La «Révolution du Nil» a été provoquée à la suite d’un vaste mouvement de contestation du président Hosni Moubarak, entamé dès le 25 janvier 2011. D’abord pacifique à l’exemple du «Printemps arabe» de Tunisie, il a dégénéré en heurts violents qui ont fait de nombreuses victimes parmi les civils et les forces de l’ordre.

Le 11 février 2011, après moult tergiversations, le Rais annonce sa démission, mettant officiellement un terme à la Révolution du Nil.

Son successeur, Mohamed Morsi, 61 ans, membre des Frères Musulmans, a été élu le 24 juin 2012.  Durant ces dernières semaines, les manifestations ont repris, provoquées par les opposants à la politique du nouveau président qui préconise une «reconstruction» de l’Egypte basée sur la Sharia, la loi coranique.

swissinfo.ch: Quelles sont les difficultés auxquelles un étranger intellectuel et athée comme vous se heurte dans ce pays?

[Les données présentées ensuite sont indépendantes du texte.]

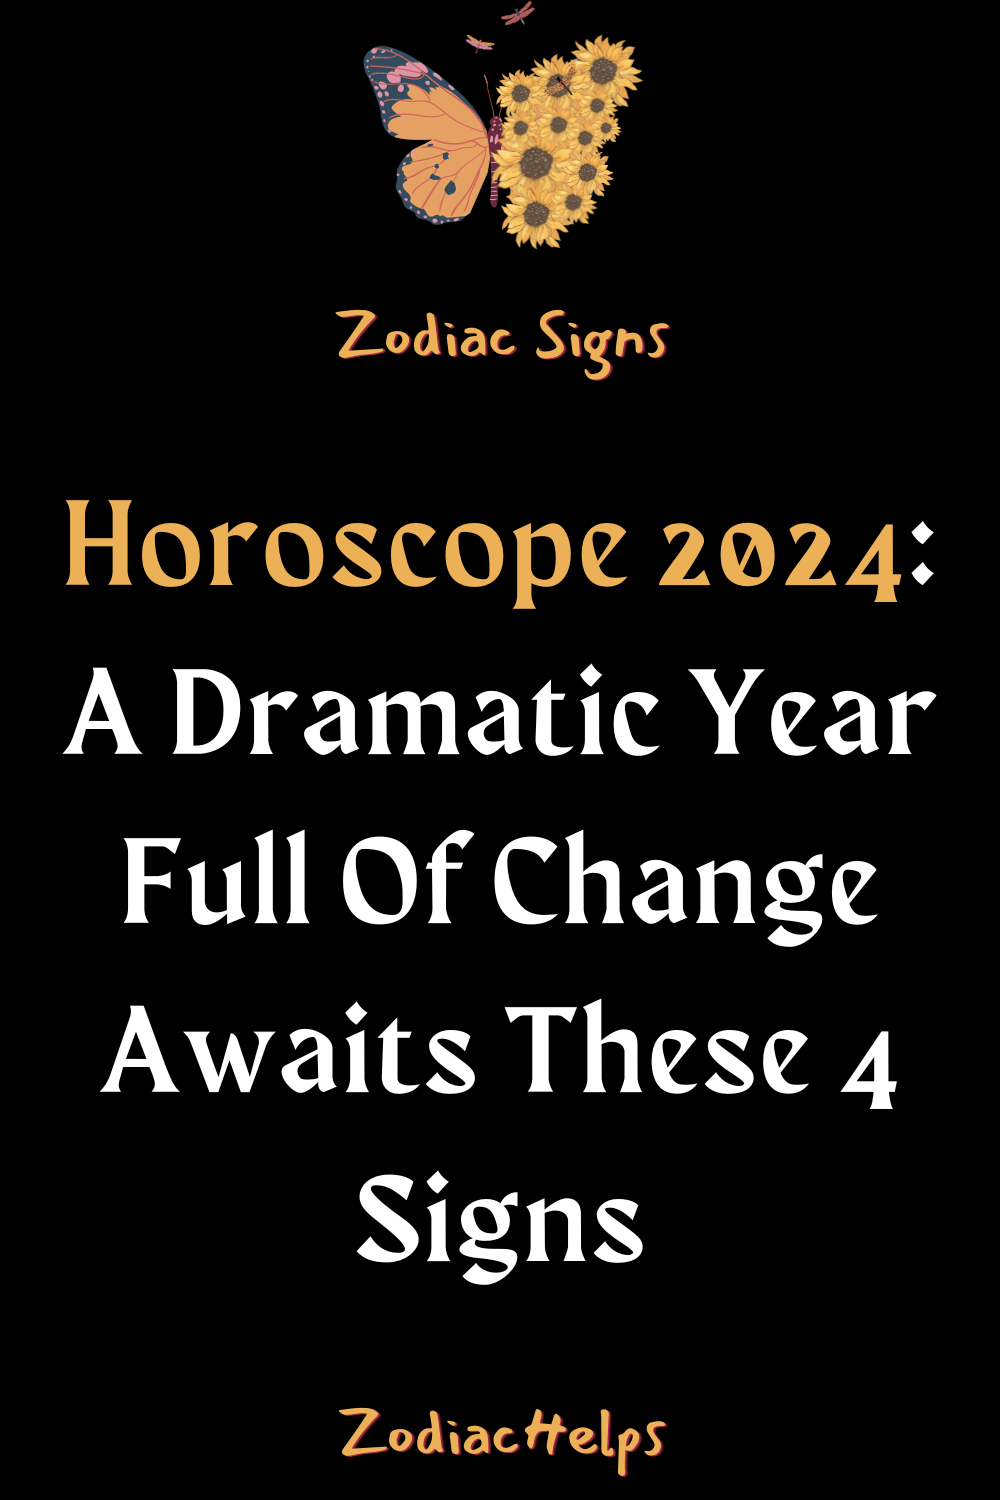 Horoscope 2024: A Dramatic Year Full Of Change Awaits These 4 Signs

M.A.: Une infinité, mais il s’agit des difficultés de qui vit dans le Tiers-Monde, pas forcément dans un pays islamique. Il faut  cohabiter avec le chaos, l’inefficacité, l’anarchie, la pauvreté, la désorganisation. Personnellement, je n’ai pas eu de problèmes avec la mentalité musulmane. Cela changera peut-être après la traduction en arabe de Shaitan. En 15 ans passés au Caire, je n’ai jamais eu de peine à côtoyer les Egyptiens, j’en ai eu plus à m’adapter à la vie du Tiers-Monde. Quelqu’un qui vient de Suisse peut craquer. Pour le comprendre, il faudrait vivre ici quelques années.

 

swissinfo.ch: Une traduction de votre livre est-elle prévue en français?

M.A.: Je vais en parler ces jours-ci avec mon éditeur. La communauté musulmane francophone est la plus importante en Europe. Il y a aussi  les liens historiques qui unissent la France au Maghreb. Et n’oublions pas qu’en France, le débat culturel sur l’Islam est beaucoup plus significatif qu’il ne l’est en Italie par exemple.

swissinfo.ch: Mis à part la famille, qu’est-ce qui vous retient encore au Caire aujourd’hui?

M.A: Ce qui m’avait poussé à quitter la Suisse. Pouvoir faire des courses à 3h du matin ou sortir fumer un narguilé à 4h. Vivre au soleil la plupart de l’année, parmi un peuple somme toute heureux, reconnaître que je suis un privilégié tout en respectant la pauvreté qui m’entoure. Avoir à portée de main la plus belle mer et le plus beau désert du monde. Mais j’apprécie surtout écrire sans devoir rendre de comptes à personne, être libre. Tout au moins aussi longtemps que les salafistes me le permettront. Et, aujourd’hui, me trouver parmi ceux qui changent l’histoire.